A pesare sono soprattutto gli abbandoni di rifiuti. «Il dato del 2024 è legato al numero di abbandoni che ritiriamo in città, che finiscono nel non differenziato», spiega Paolo Zorzoli Rossi, consigliere di amministrazione di Asm-Isa. Un fenomeno diffuso tra centro e campagne, che si traduce in tonnellate di rifiuti raccolti a spese della collettività, con effetti diretti sui costi e sulla Tari.

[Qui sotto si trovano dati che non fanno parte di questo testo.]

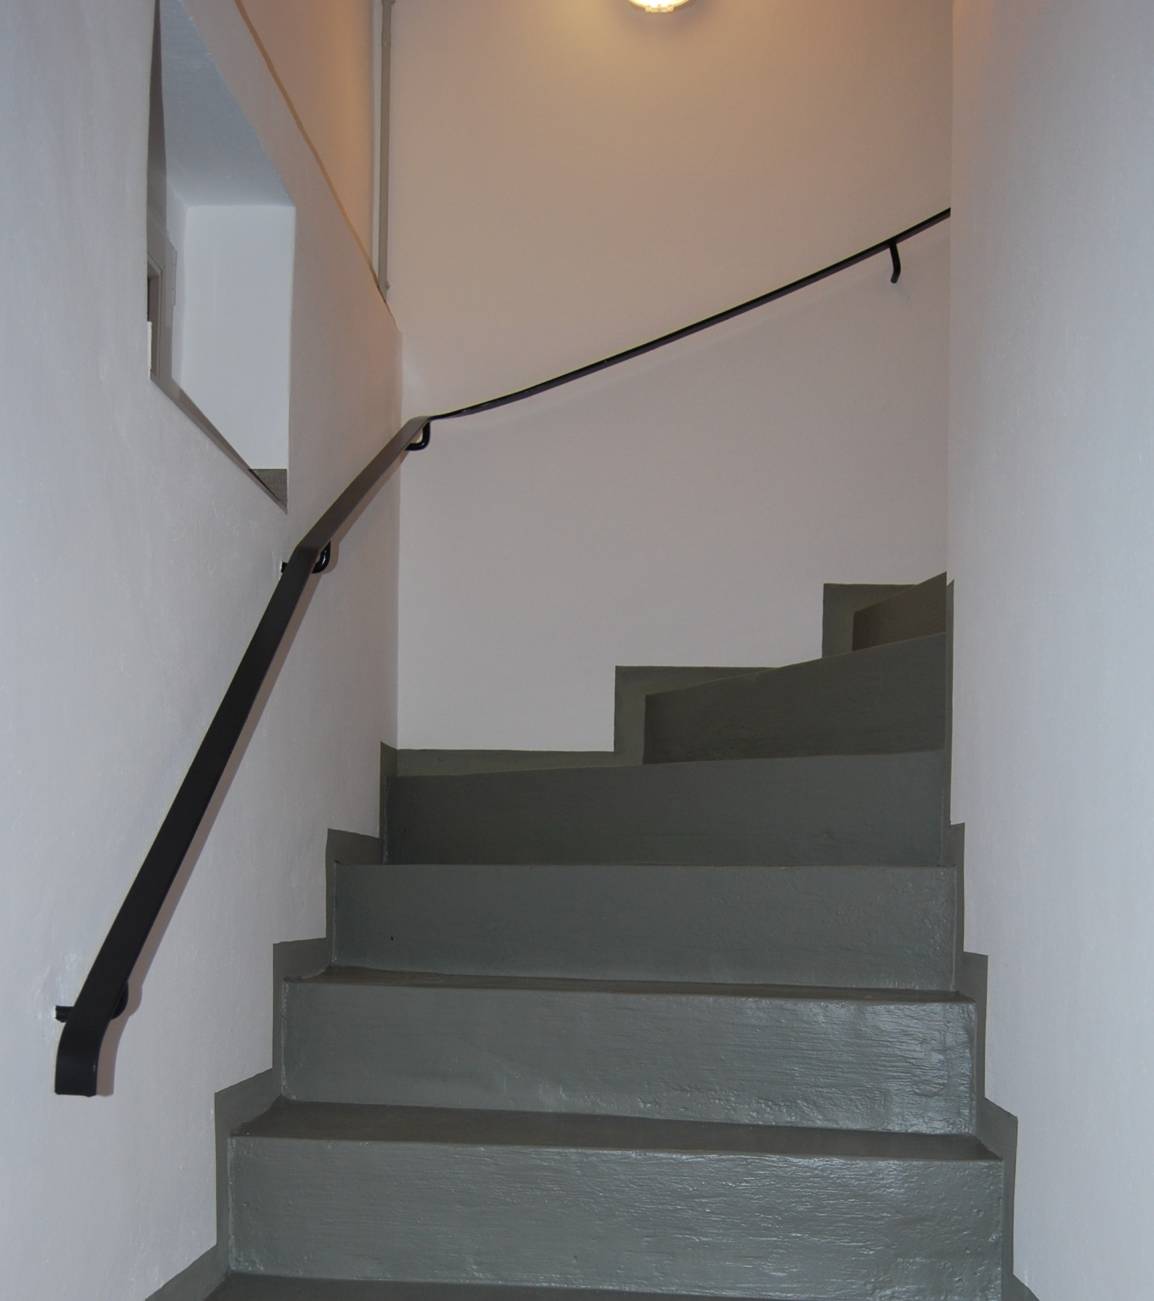 Kellertreppenabgang - durch Lackauftrag erfolgt das Verschließen der Betonporen. Im Fußbereich sollte mit neutralen und rutschhemmenden Farben gearbeitet werden.

Per provare a invertire la tendenza, Asm-Isa guarda al 2026: in programma la trasformazione della piazzola di via Ceresio, che dovrebbe accogliere tutte le tipologie di materiali, come già avviene in via Ristori, e avere orari di apertura più ampi. Allo studio anche un rafforzamento dei processi di selezione dei materiali, in collaborazione con altri soggetti.
Intanto la società deve fare i conti anche con nodi organizzativi: il direttore tecnico è prossimo alla pensione e il consiglio di amministrazione è ridotto a due membri dopo le dimissioni di un consigliere, in attesa di integrazione. Una situazione che rende ancora più complessa la sfida di migliorare la qualità e i numeri della raccolta differenziata a Vigevano.